Growing Customer Acquisition Through Paid Social
Branding campaigns are often overlooked in marketing as the emphasis is put on immediate results and sales. While these are fundamentally important metrics to measure, brands cannot ignore the impact of mass reach in new customer acquisition. Simply put, the main way brands grow is by selling to more people.
Advertising on Social Media has made it possible for us to reach mass relevant audiences at scale. We have broken down our top considerations to maintain share of voice and increase customer acquisition.
Share of Voice with Paid Social Channels
Share of voice, remaining competitive and being where your customers are is vital to growth. With customer behaviour being driven by a myriad of factors including personalisation, convenience and deal seeking, brand survival relies largely on share of voice, staying top of mind and remaining relevant.
The answer is a well thought out customer acquisition strategy, combining Paid Social channels to put your brand in front of the right people at the right time.
Buffers 2019 State of Social Report provides insights into the use of social channels in 2019. Facebook, Twitter, Instagram and LinkedIn remain the top contenders, but we have seen rapid growth in other channels such as YouTube and Whatsapp. Businesses need to continuously evaluate and expand their social media approach to gain wider awareness and remain relevant.
Building the Sales Funnel
Advertising on Social channels allows us to target a mass audience in clever ways to ensure that we are putting our brand in front of the most relevant people possible. A customer acquisition strategy will look different for each business, but all should follow the customer acquisition funnel – Discovery, Consideration and Decision.
Putting focus on the Discovery phase grows the funnel effectively, attracting new customers with top funnel initiatives, which can then be refined and segmented for retargeting to move into the consideration phase.
Messaging and creative consideration for each stage keeps your audience engaged throughout.
Using the 60:40 Budget Rule
Investing 60% of your budget on Brand building and Prospecting and 40% on Sales Activation is an effective ratio rule to ensure you continue growing your audience base and move them into the Discovery Phase. Cutting brand budgets and only relying on customer retention and activation will eventually lead to stunted campaign performance.
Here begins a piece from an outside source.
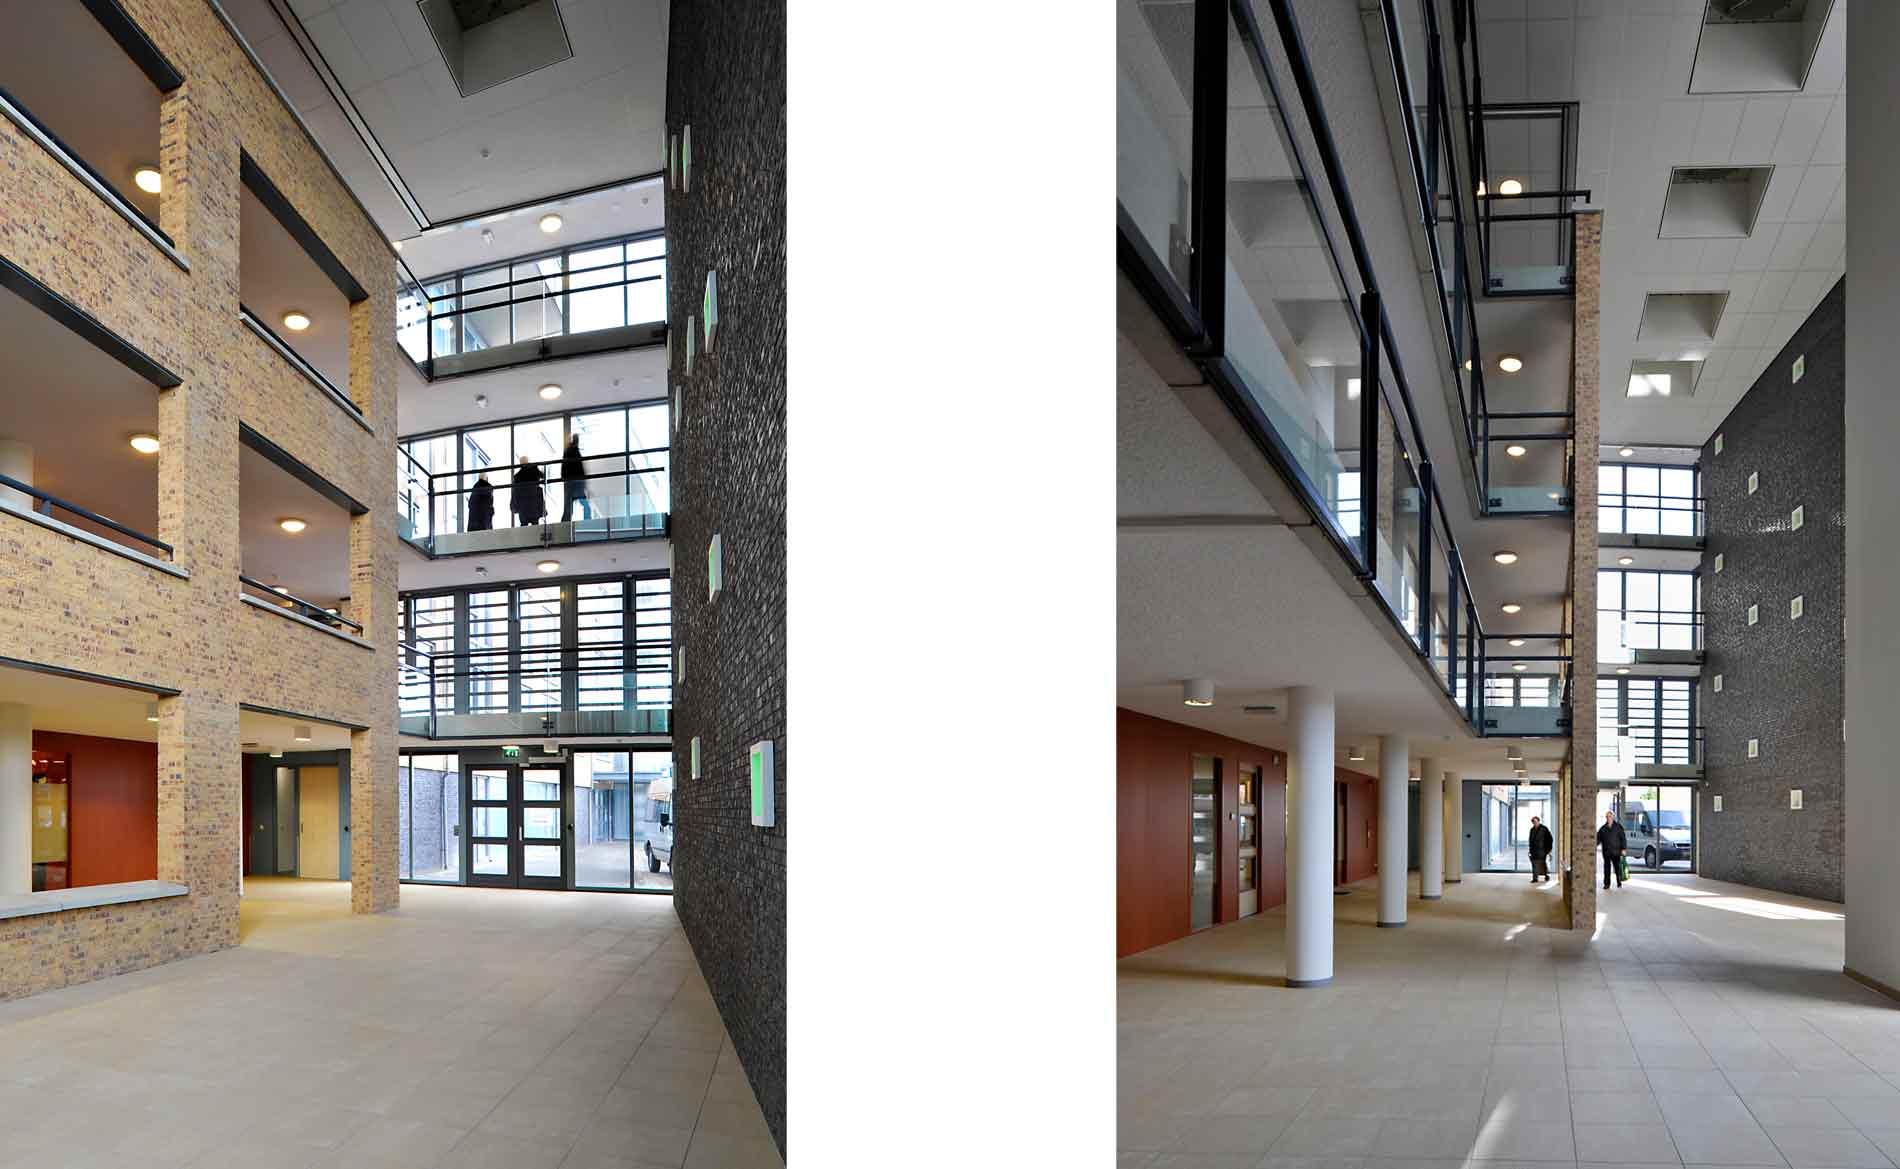 Buitenveld Den Helder BBHD architecten woonzorggebouw architectuur zorg

Making use of Lookalike Audience capabilities
Using effective seed audiences to build Lookalikes allows for relevant mass reach:
- Existing Customers - finding people who closely match your existing customers. This allows you to expand your reach to find people who are the most important to your business.
- Make use of Lifetime Value – Value optimisation ensures that the focus is on your most profitable customers
- Pixel data of specific actions performed on-site such as added to cart and purchase audiences will assist in qualifying your audience.
Ultimately, brands cannot overlook the importance of a paid social strategy in increasing customer acquisition. Efforts focused entirely on activation will eventually lead to stunted growth and a decline in profits. Prioritising brand building and increasing share of voice can be achieved through careful consideration of the sales funnel, aligning budgets for reach and using lookalike audience capabilities.
It is important to keep in mind however that brand penetration does not produce immediate sales; it introduces and primes an audience to enter the marketing funnel, results which could only be seen in months to come.